One other thing I found interesting was the manual focus indicator on the screen. I'm wondering whether or not that feature is exclusive to using RF mount lenses or if it will work with: (a) EF lenses, (b) legacy manual focus lenses. Anyone know?


----------



## Del Paso (Jun 19, 2019)

It can't be good, it's no Wonderful Sony.


----------



## Maximilian (Jun 19, 2019)

CanonFanBoy said:


> Thanks for posting. Great review...
> I think that when I finally get an RP, I'll get this lens with it.
> ...


100% agree here 
Great review and great value walk around lens.

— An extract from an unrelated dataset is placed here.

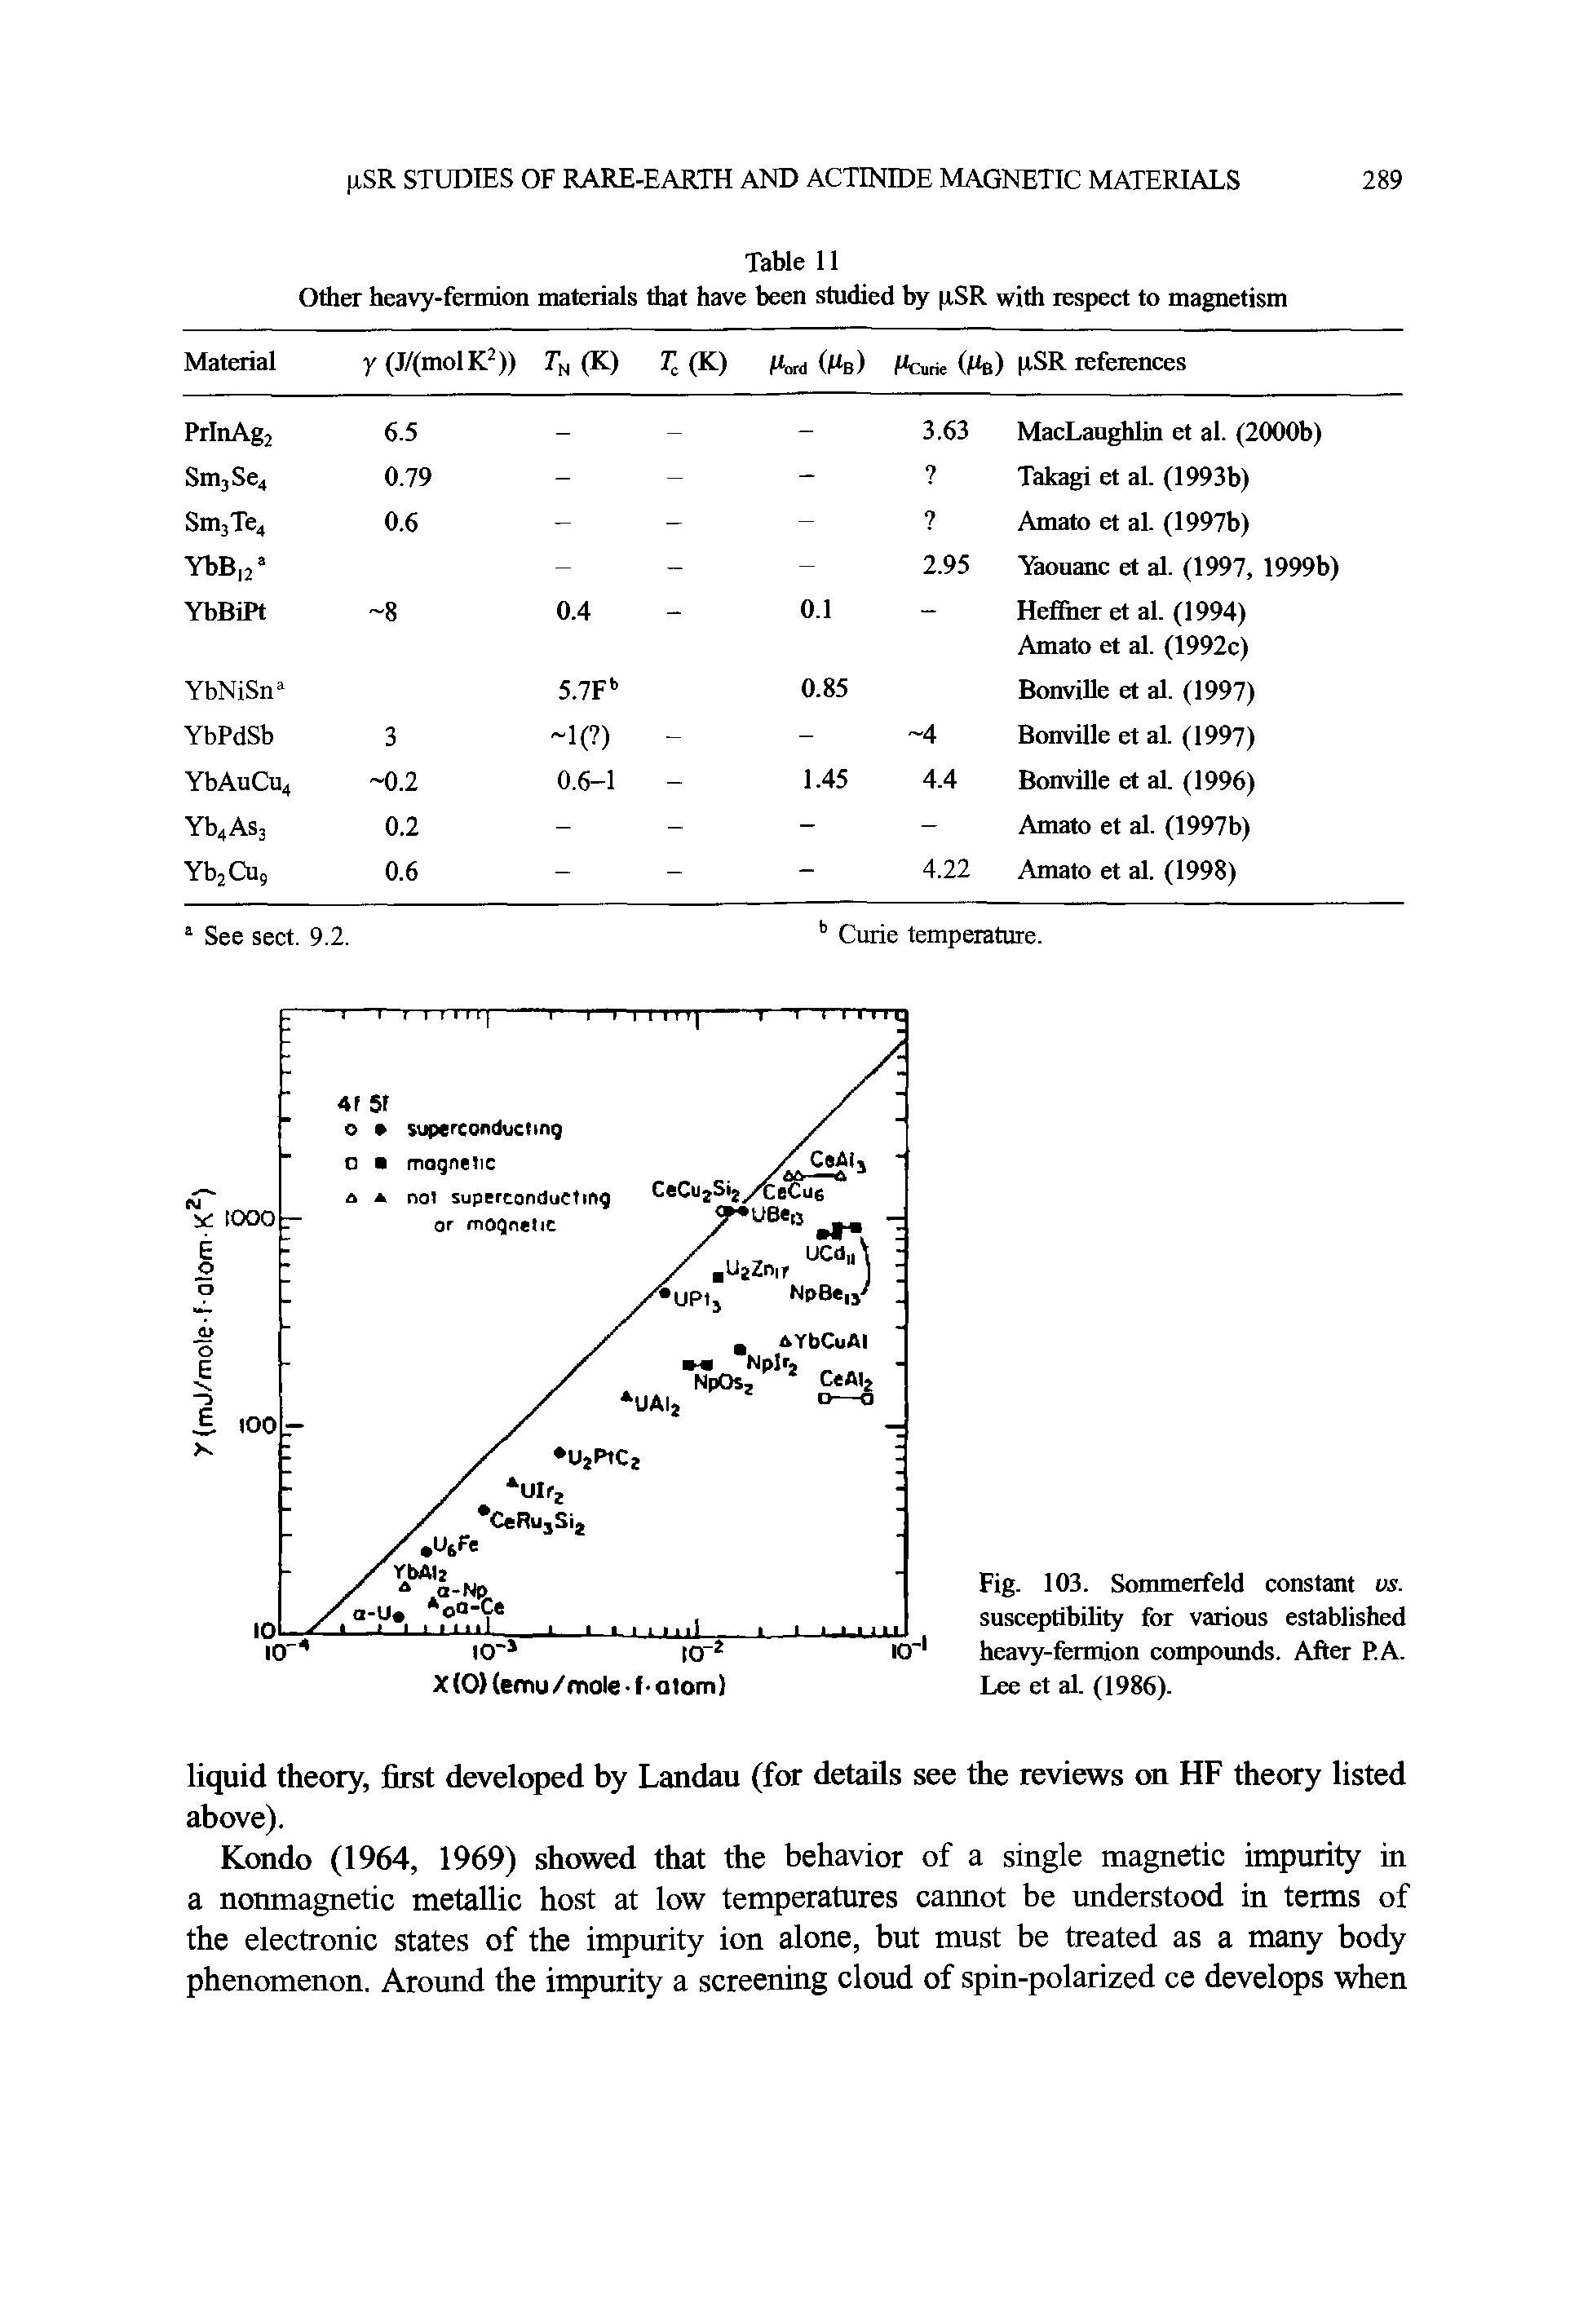 Fig. 103. Sommerfeld constant vs. susceptibility for various established heavy-fermion compoimds. After P.A. Lee et al. (1986).

If/When I go R/RF this and the RF35 will be my first two lenses.


----------



## BillB (Jun 19, 2019)

Maximilian said:


> 100% agree here
> Great review and great value walk around lens.
> 
> If/When I go R/RF this and the RF35 will be my first two lenses.


Looks like Canon got something right.


----------



## Maximilian (Jun 19, 2019)

BillB said:


> Looks like Canon got something right.


No! Never! It‘s not a Sony! 

Honesty, it always cold be better, also the RF24-105. But what would be the tradeoffs? Size? Price?


----------